И сейчас я живу, стараясь держаться выбранной линии, а Фрэнк Халтон, один из моих немногих друзей в этой пустыне, дает мне хорошие советы и прекрасно ведет мои дела. Фрэнк постоянно уговаривает меня хоть чуть-чуть расслабиться, поиграть в гольф в Бель-Эр или вступить в теннисный клуб в Палм-Спрингс. Он даже посоветовал мне выбрать хорошую девушку из толпы смазливых старлеток — бедных пустоголовых кукол, — которые постоянно вьются вокруг меня в тщетной надежде привлечь мое внимание и тем самым проложить себе дорогу к деньгам и славе. Увы, со мной им абсолютно ничего не светит. Я хорошо запомнил
Так как же тогда я провожу свободное время, когда меня отпускают большие боссы? Живу я в одном из коттеджей в Беверли-Хиллз и полностью свободен от хозяйственных забот. В выходные дни сажусь в свой скромный «ровер», еду в Малибу, оставляю там машину и иду пешком вдоль побережья, по широкой песчаной полосе, о которую неустанно бьются волны Тихого океана. Людей здесь совсем мало, ибо здесь нет цивилизованных пляжей или пляжных домиков, и я обычно встречаю только двух любителей пеших прогулок: Чарли Чаплина, настолько ослепленного своей гениальностью, что он никого, кроме себя, не замечает, и еще высокого, атлетически сложенного человека, который гуляет с книгой в руках, а завидев меня, кивает и улыбается. Вот и все. Больше здесь нет абсолютно никого, и никто не может помешать мне бороться со своими невеселыми мыслями.
Как тебе прекрасно известно, поначалу я разуверился в религии из-за горькой обиды, ибо мне казалось, что я был слишком жестоко и несправедливо наказан за грех, в котором, собственно, не был виновен. Но постепенно ярость моя улеглась, да и обида уже проходит, и, должен тебе признаться, у меня вдруг возникла сперва слабая, но затем все более острая потребность ощутить спокойствие и тишину той церкви в Беверли-Хиллз, причем не для молитвы, а из желания проверить, как это на меня подействует и поможет ли унять сосущую боль в груди.

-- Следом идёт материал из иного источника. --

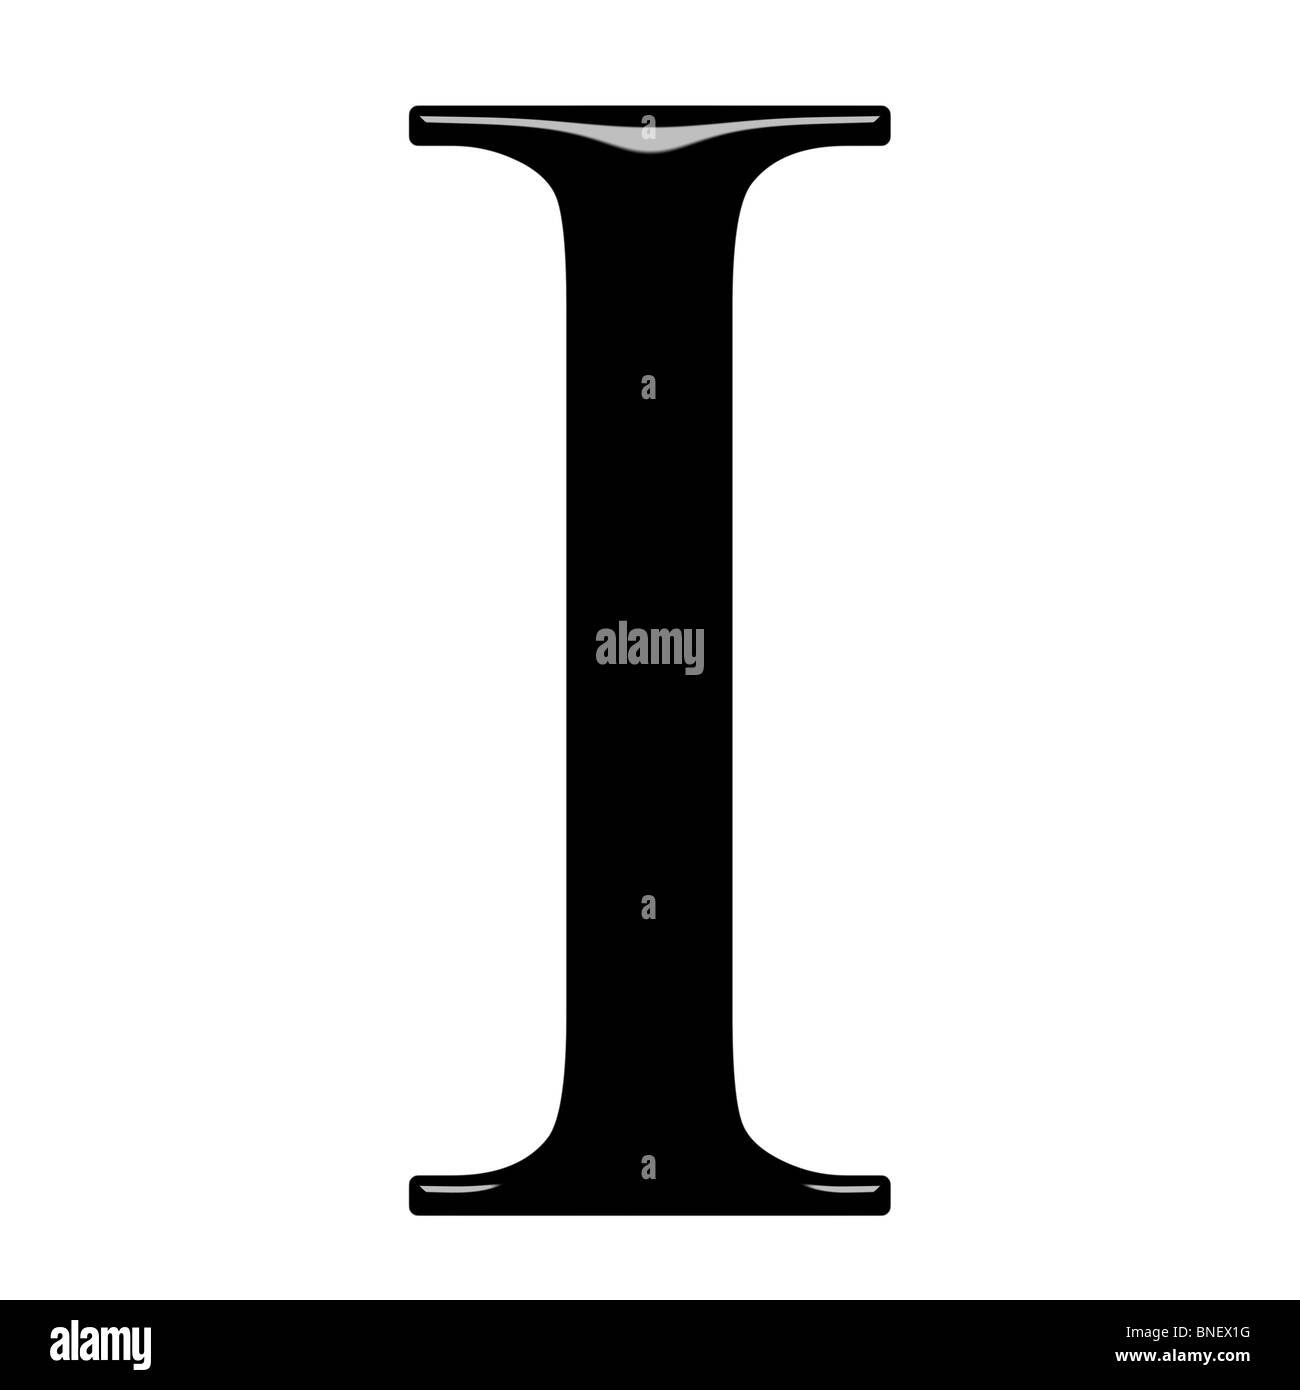 3d Greek letter Iota Stock Photo: 30445900   Alamy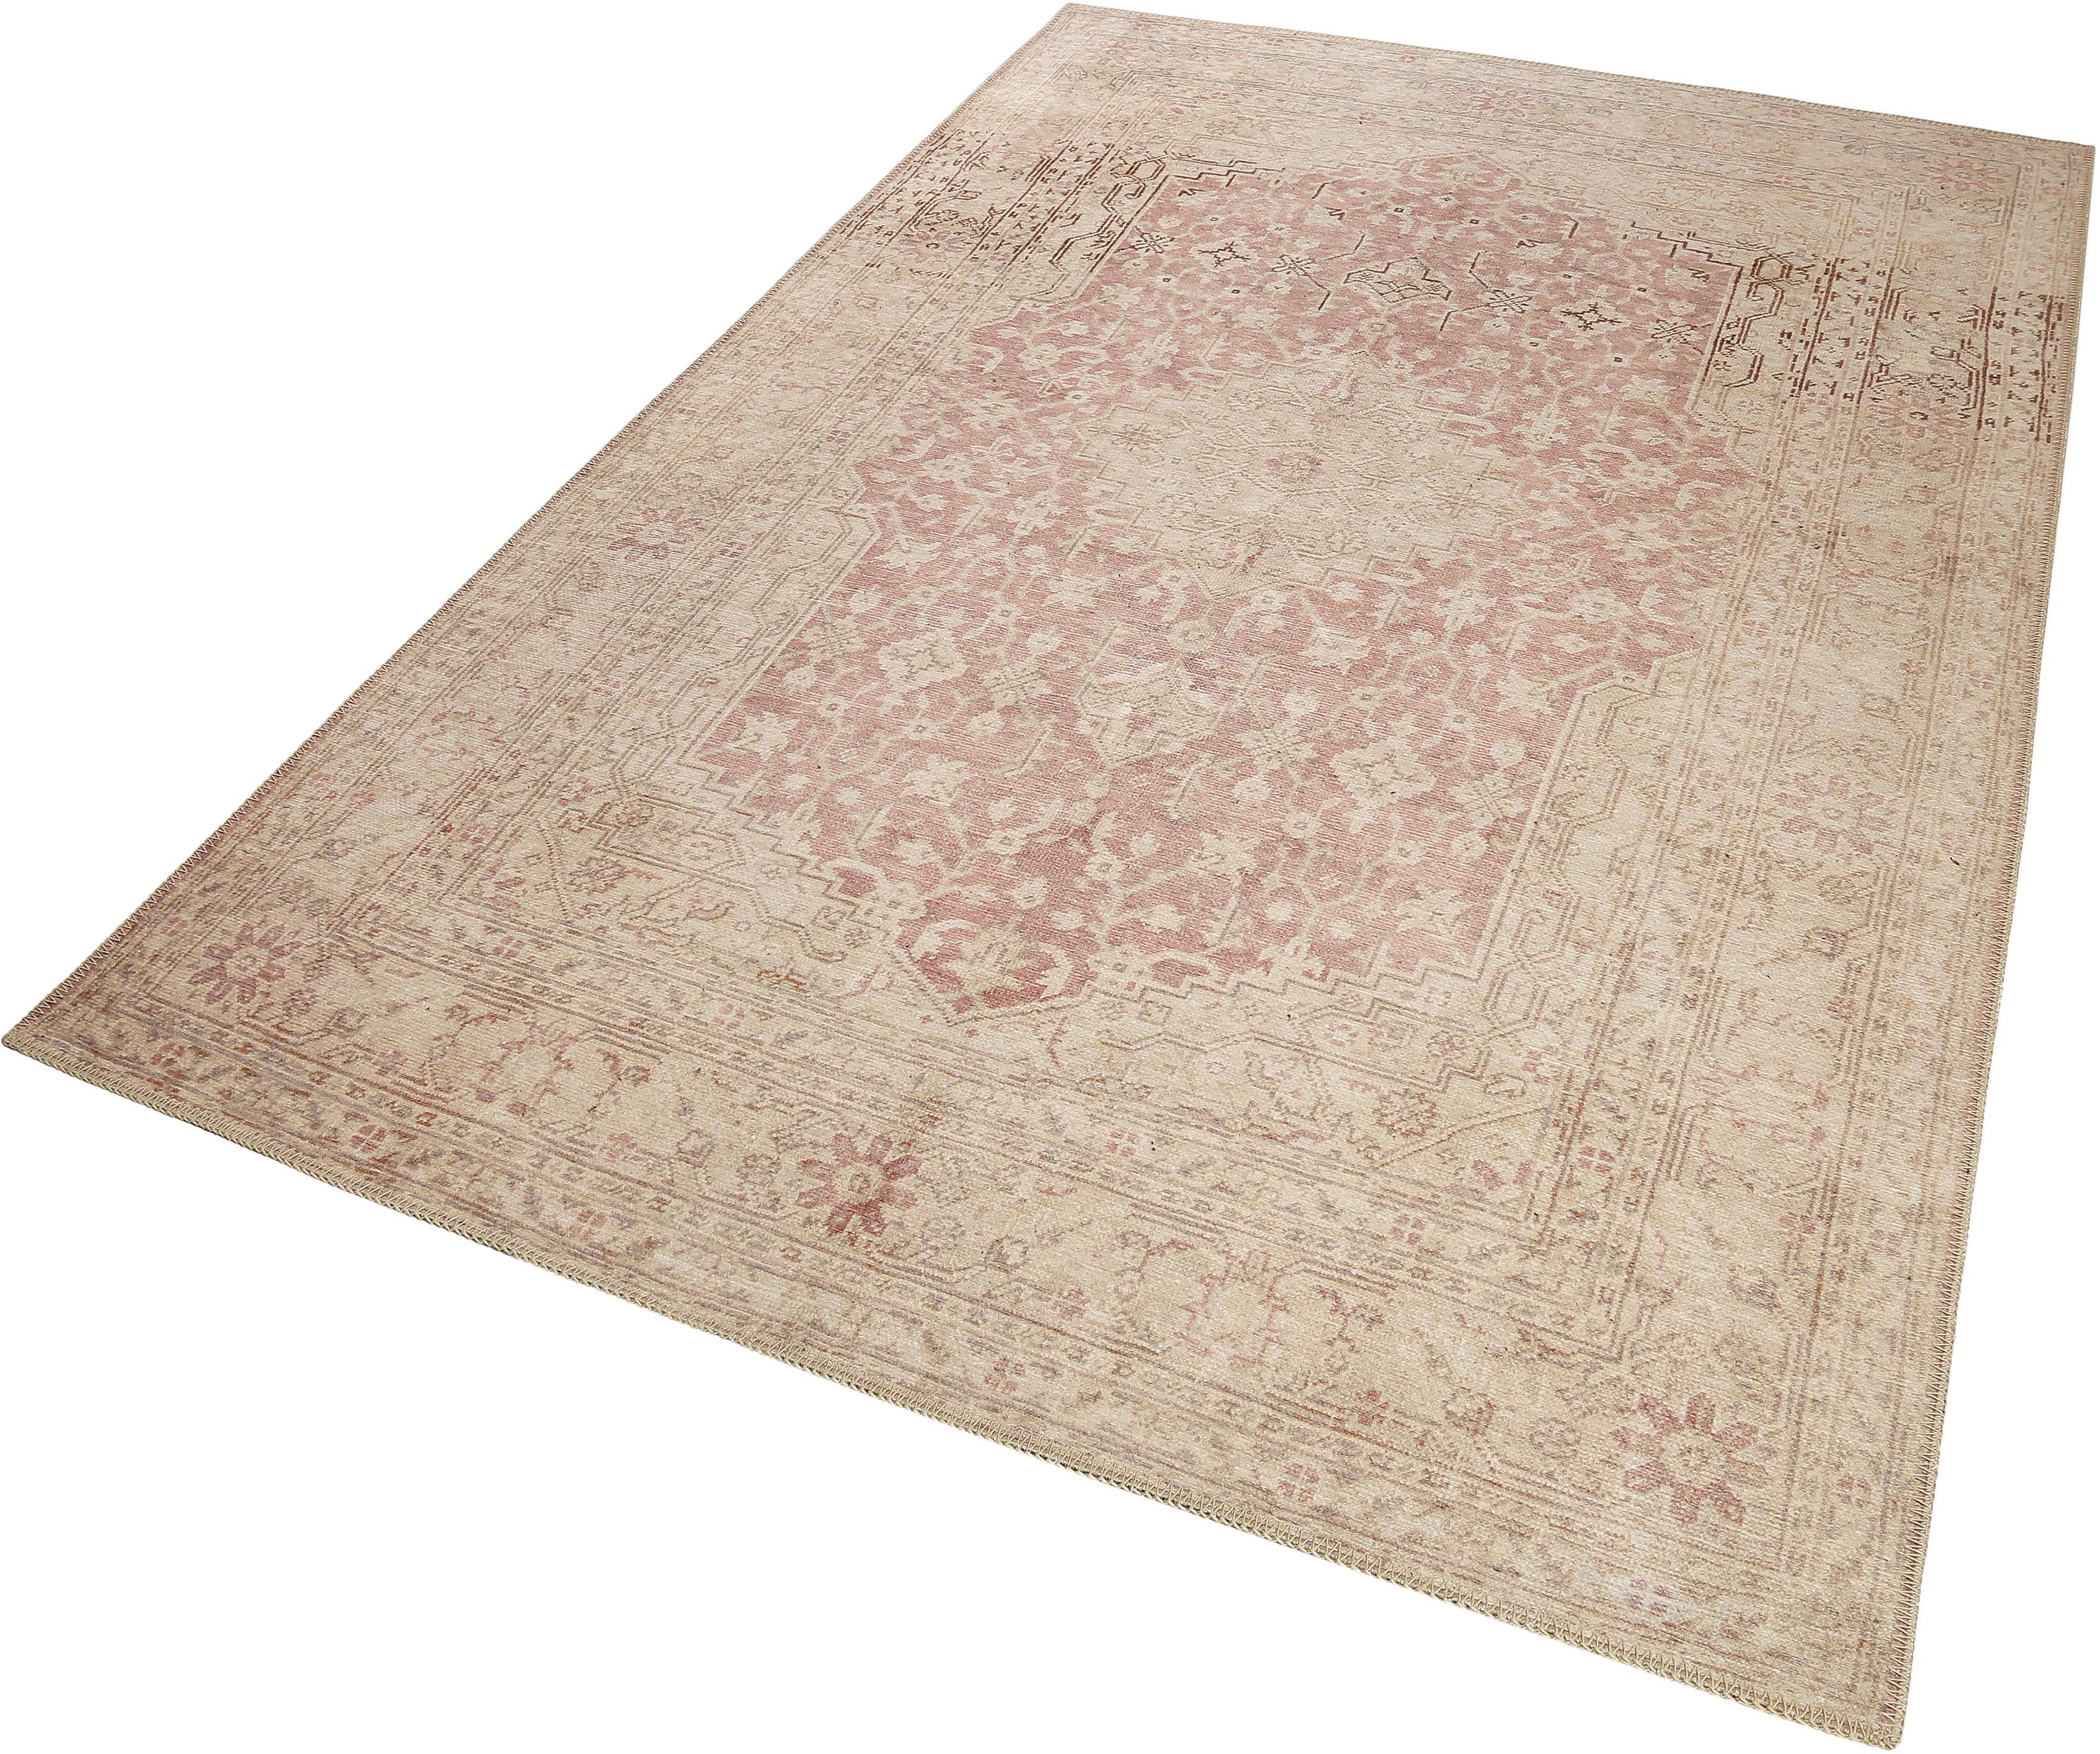 Teppich Past Future Wecon Home rechteckig Höhe 6 mm maschinell gewebt

Но самое интересное, Алек, было дальше, причем, ты ведь знаешь, я никогда не лгал и не лгу. Все три раза, когда я подходил к церкви и поднимался по ступеням с твердым намерением войти, у меня вдруг начинались дикие спазмы, потом я чувствовал ужасную слабость, неукротимую дрожь, и мне казалось, что меня вот-вот стошнит. Борясь с недомоганием, я открывал рот — и оттуда извергался словесный поток. Как тебе, наверное, известно, я не употребляю бранных слов. Но эти слова были поистине грязными, нечестивыми и непотребными. Корчась от чудовищных спазмов, я поворачивался и шел обратно. И только ступив на тротуар, я успокаивался и переставал браниться. Кровообращение в руках и ногах восстанавливалось, и уже через несколько секунд я снова становился самим собой.
Когда такое приключилось со мной в первый раз, я, естественно, насторожился; более того, я был настолько потрясен, что твердо решил впредь не повторять подобных экспериментов. И все же меня мучило любопытство по поводу природы такого внезапного приступа, хотя я и решил, что, скорее всего, это какая-то физиологическая реакция, возможно связанная с сердечной недостаточностью.
Чтобы проверить свою теорию, я отправился на вершину Бель-Эр. Припарковав машину, я спустился с горы, а примерно через сотню ярдов повернул обратно и быстро вскарабкался на крутой склон. Добравшись до машины, я почувствовал, что слегка запыхался, но не более.
Тогда я вернулся домой и, хорошенько обдумав сложившуюся ситуацию, действительно встревожился. Я стал жертвой странной фобии, связанной с церковью в Беверли-Хиллз. Ведь, как ты, наверное, помнишь, я наотрез отказывался сопровождать тебя туда.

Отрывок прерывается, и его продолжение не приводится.